Pierre Razafy-Andriamihaingo a également suivi une formation au Centre des Hautes Études Administratives de l’École Nationale d'Administration (ENA Paris) en 1950-1951 et, à l’indépendance, devient ambassadeur de Madagascar au Royaume-Uni, en France, en Italie, en Grèce, en Turquie, en Espagne, au Portugal, au Saint-Siège, en Israël et auprès de différents organismes internationaux. 

Quoique naturalisé français en 1931, il demeure un fervent patriote et fait partie, en 1935 avec Albert Rakoto-Ratsimamanga, des membres fondateurs de l’Association des Étudiants d’Origine Malgache (AEOM), la pépinière des patriotes malgaches de l’extérieur. Il est également à l’origine de la création du Foyer des Étudiants Malgaches, un prolongement social et culturel de l’AEOM, dont il établira les plans de construction en 1936. Pierre Razafy-Andriamihaingo était un des grands intellectuels malgaches du XXè siècle.
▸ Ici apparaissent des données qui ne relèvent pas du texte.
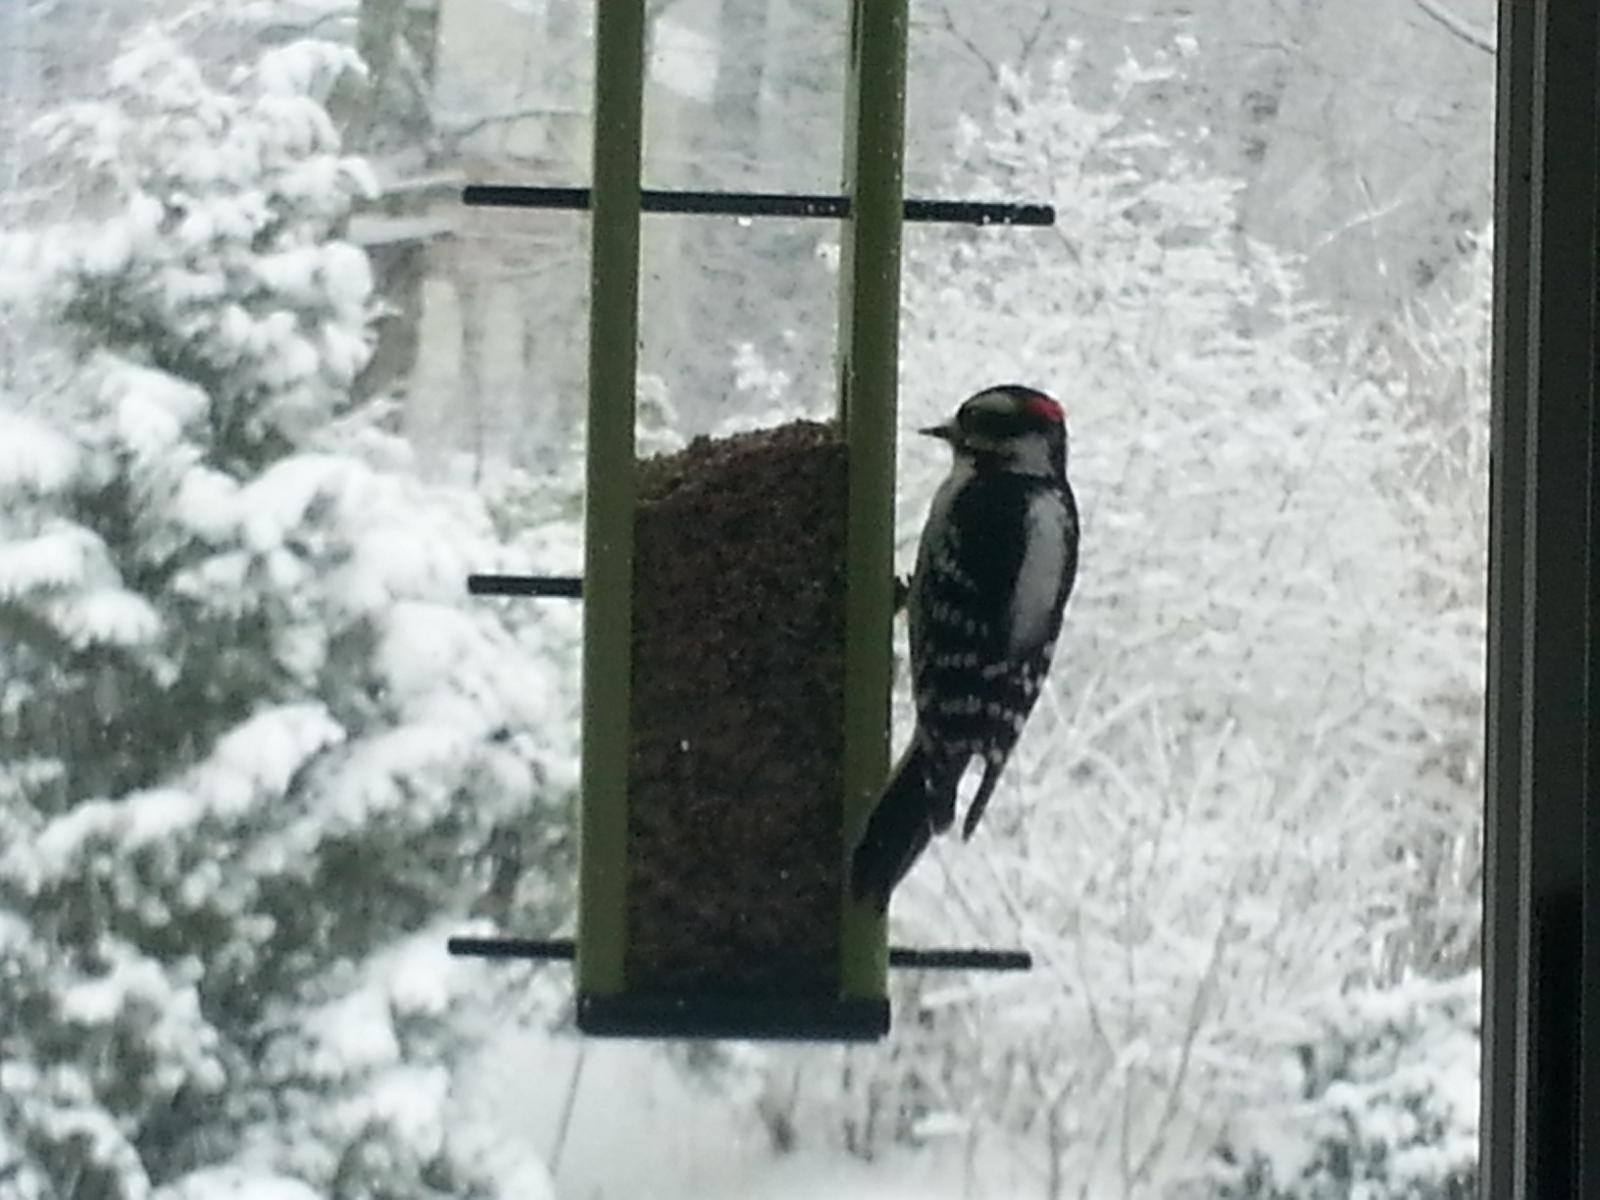 Last snow I hope!-3-5-2015-woodpecker-2.jpg

Tous les soldats n’ont pas connu un destin aussi heureux. De nombreux malgaches combattant au sein des unités ont connu les mesures « de blanchiment » des formations coloniales, dès l’hiver 1944, et affectés dans des groupements coloniaux au sud de la France. Progressivement démobilisés à partir de 1946, aucune compensation ou indemnité n’est décidée pour eux. Face à cette injustice, et la non-reconnaissance de leurs contributions à la guerre de libération, les anciens soldats se révoltent.
Non seulement les anciens combattants avaient perdu l'illusion de l'invincibilité de l’autorité coloniale, mais un ressentiment envers les Français s’est développé, rapidement récupéré par les politiciens nationalistes malgaches. Ainsi, lorsque la révolte éclata en mars 1947, de nombreux vétérans prirent la tête de groupes rebelles, forts de leur expérience de la guerre et leur volonté de rompre les liens qui unissaient d'autres vétérans africains à la France.
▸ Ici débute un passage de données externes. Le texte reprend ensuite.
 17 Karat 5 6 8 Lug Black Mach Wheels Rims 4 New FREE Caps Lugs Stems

Dans la région Sofia, les révoltés nationalistes comptaient dans leurs rangs les soldats Mahafaly et Levintsy, tous deux natifs de Maroadabo, situé dans le canton d’Antsakabary (Bealanana). Le Tirailleur de 2ème classe Levintsy a participé au débarquement raté de Dakar en 1940.

À Mananjary, deux anciens combattants figurent parmi les combattants nationalistes avec Ralaivao Joseph. Se référer également aux recherches de Bernardin Radaniarson.
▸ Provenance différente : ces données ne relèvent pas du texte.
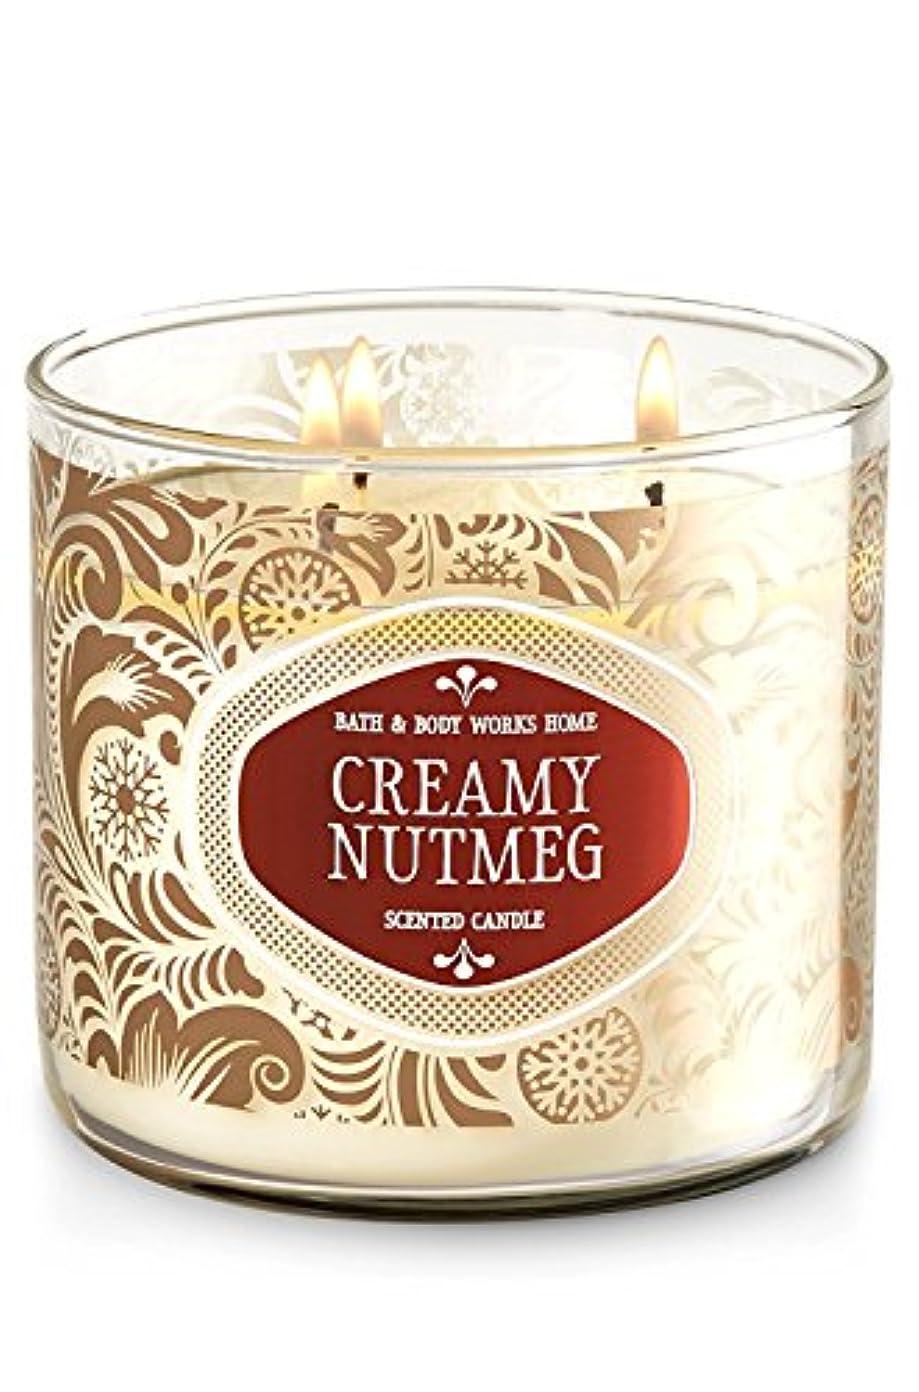 虚栄心感情公然とバス&ボディワークスSlatkin & Co。14.5オンス3つWick Scented Filled Candle – Creamy Nutmeg

"Ce ne sont pas les Français de France qui ont gagné la guerre mais nous, les Africains...". Ce seront les mots de la fin. Ils sont de Joseph Rasoamoza, un ancien combattant de la Seconde guerre mondiale, dans le film “Tirailleurs malgaches” de Bernard Simon, un documentaire qui part à la recherche de ces oubliés de l’histoire après leur retour d’Europe.